SOURCE MATERIAL:
>>>
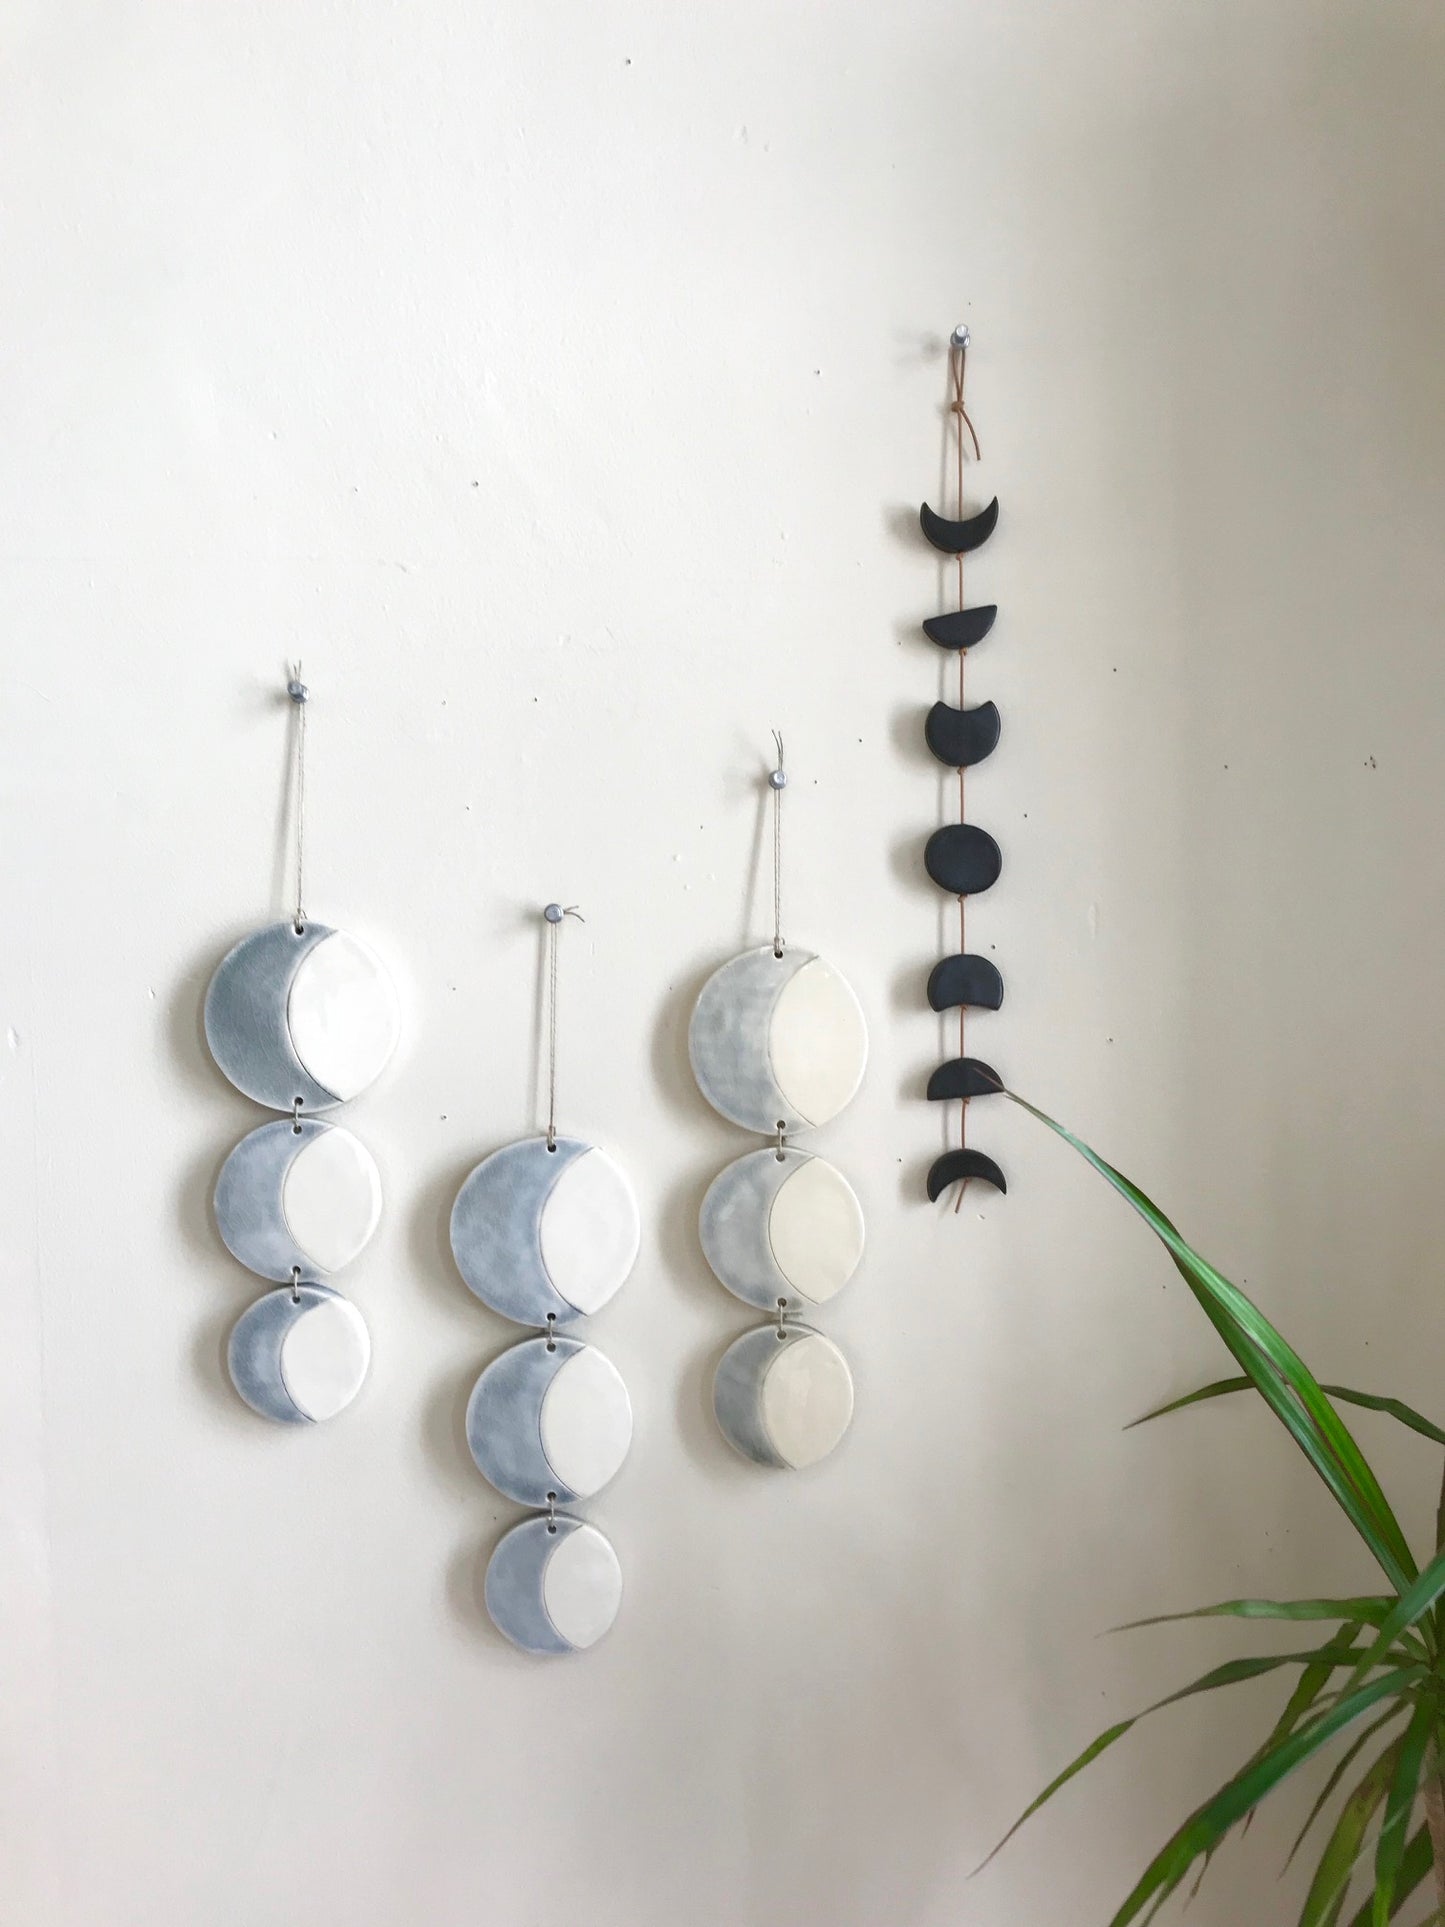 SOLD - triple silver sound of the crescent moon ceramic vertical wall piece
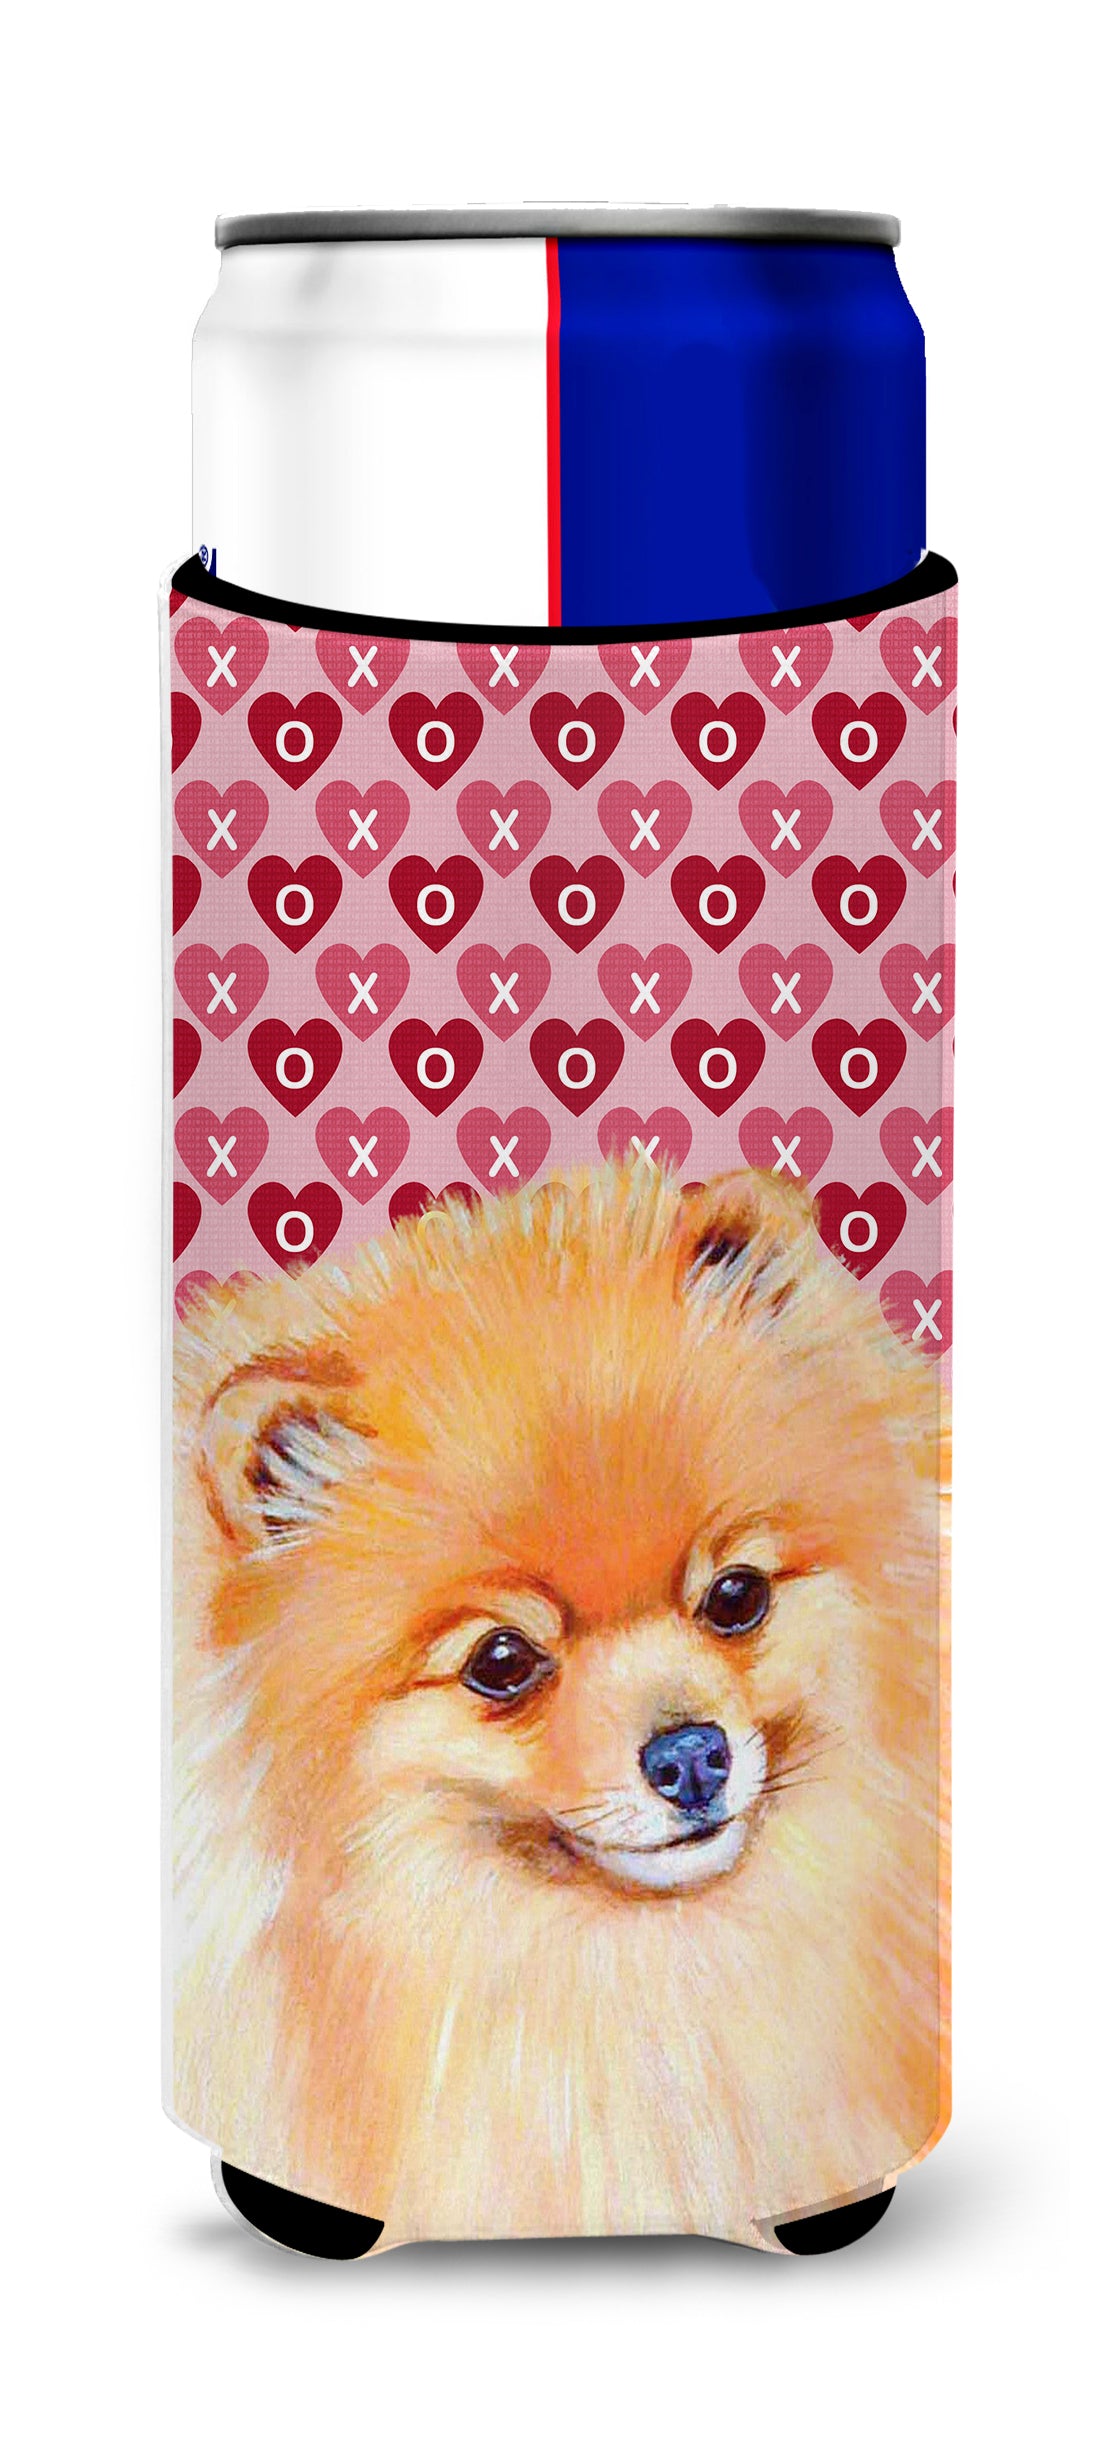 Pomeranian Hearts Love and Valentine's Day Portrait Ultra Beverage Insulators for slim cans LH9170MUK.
<<<
>>>
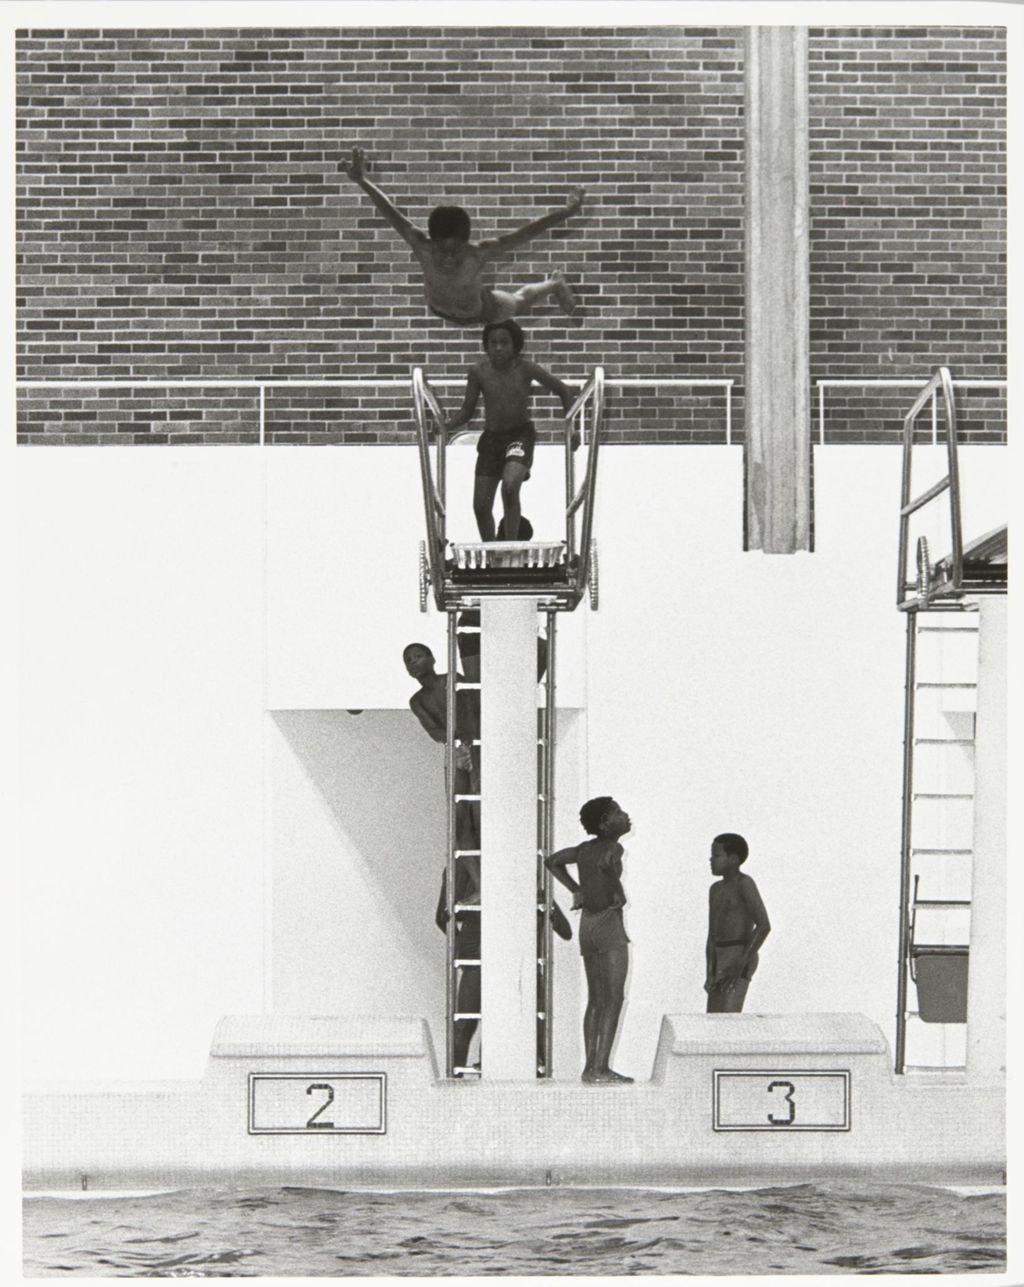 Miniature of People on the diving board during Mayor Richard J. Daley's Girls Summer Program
<<<
WHAT IS NEEDED:
What are the lines in the records above, word for word, from the one containing "SOLD - triple" through the one containing "Pomeranian Hearts Love", both ends included and pictures left out?

TASK RESPONSE:
 SOLD - triple silver sound of the crescent moon ceramic vertical wall piece
 Pomeranian Hearts Love and Valentine's Day Portrait Ultra Beverage Insulators for slim cans LH9170MUK.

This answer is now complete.